Mas a condição divina do imperador Hirohito impede que ele capitule diante de um mortal. É no momento desse impasse, em agosto de 1945, que o cineasta russo Aleksandr Sokúrov concentra a ação de "O Sol".
Os últimos dias antes da rendição são filmados por Sokúrov de forma lenta e hierática, no labirinto subterrâneo que era o bunker de Hirohito (interpretado como uma máscara imóvel pelo excelente Issey Ogata).
Enquanto o mundo desaba lá fora, Hirohito continua a se comportar como um ser quase decorativo. Move-se com gestos engomados, litúrgicos, e precisa de um lacaio até para se vestir. Antes de se encontrar com o general McArthur (Robert Dawson), comandante das forças de ocupação, não abre mão de acompanhar num laboratório o andamento de uma pesquisa científica. É um homem de outro tempo, ou fora do tempo.
Na superfície, o filme de Sokúrov --fecho de uma trilogia do poder que inclui "Moloch" (sobre Hitler) e "Taurus" (sobre Lênin)-- remete a outra obra recente, "A Queda - Os Últimos Dias de Hitler", de Oliver Hirschbiegel.

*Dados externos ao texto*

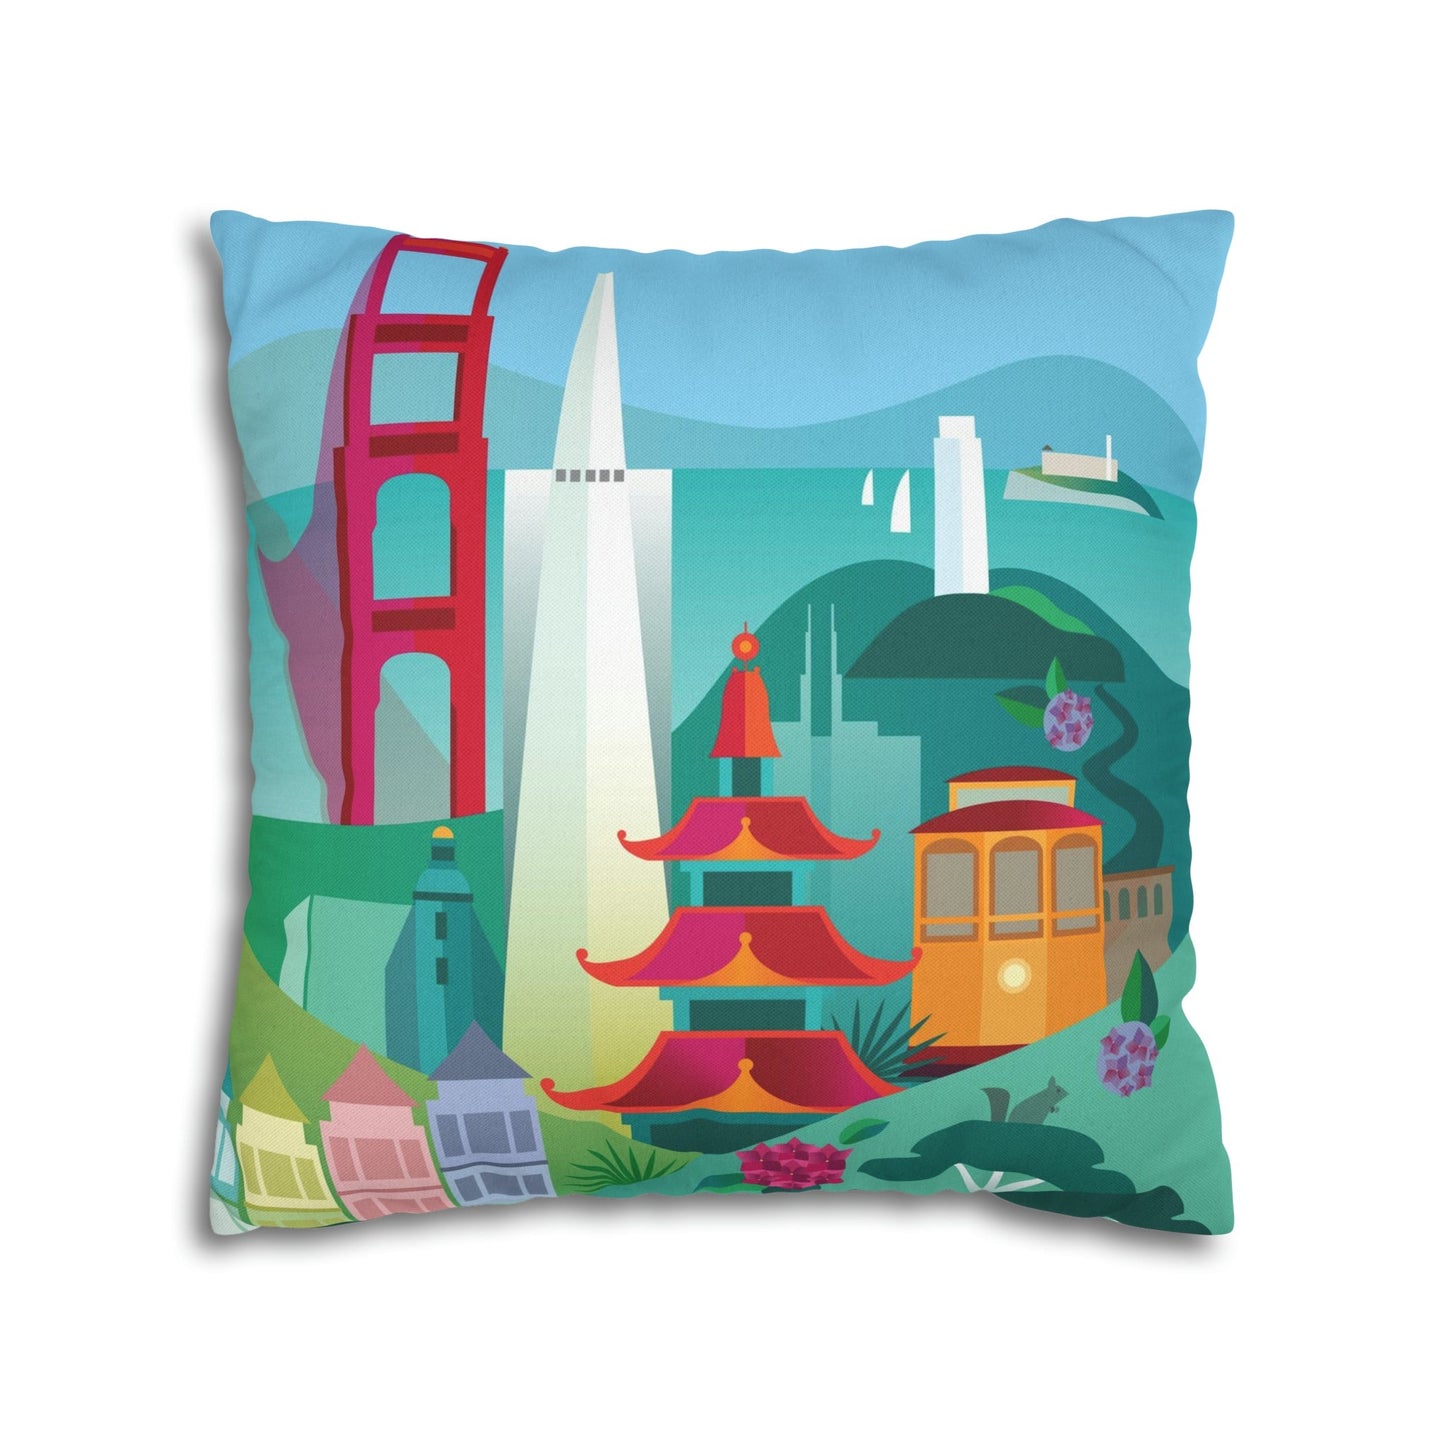 San Francisco Cushion Cover

Mas na essência são filmes opostos.
Se há desespero e frenesi nas últimas horas de Hitler, o tom em "O Sol" é de tragédia lenta e muda, em que o sentido do drama parece deslocado, filtrado e silenciado pela liturgia do império do sol nascente.
Dois momentos são memoráveis: a cena em que, visando evitar mais sofrimento de seu povo, Hirohito renuncia à sua condição divina para poder assinar a rendição, e o diálogo entre o imperador e McArthur.
Contrastes
A mediação do intérprete, nessa reunião, seria tecnicamente dispensável, uma vez que Hirohito falava bem inglês, mas, do modo como está no filme, é essencial para pontuar a distância entre dois mundos: um império em ascensão, o outro no ocaso. É um contraste de figurinos, de gestos, de linguagem, como se de repente o cinema americano invadisse ruidosamente um filme contemplativo do Oriente.
A energia de McCarthur, sua conversa pragmática, transbordando de saúde e vulgaridade, amplificam a humilhação japonesa, tornando dolorosa, patética mesmo, a retidão doentia do imperador Hirohito.
Raras vezes o cinema soube captar em tão poucas cenas, em tão poucos gestos e palavras, um ponto de inflexão tão decisivo da história moderna. Ao ver "O Sol", percebemos de um modo profundo, sensorial, por que o Japão nunca mais seria o mesmo depois daquelas poucas horas. A ocidentalização chegava como um rolo compressor.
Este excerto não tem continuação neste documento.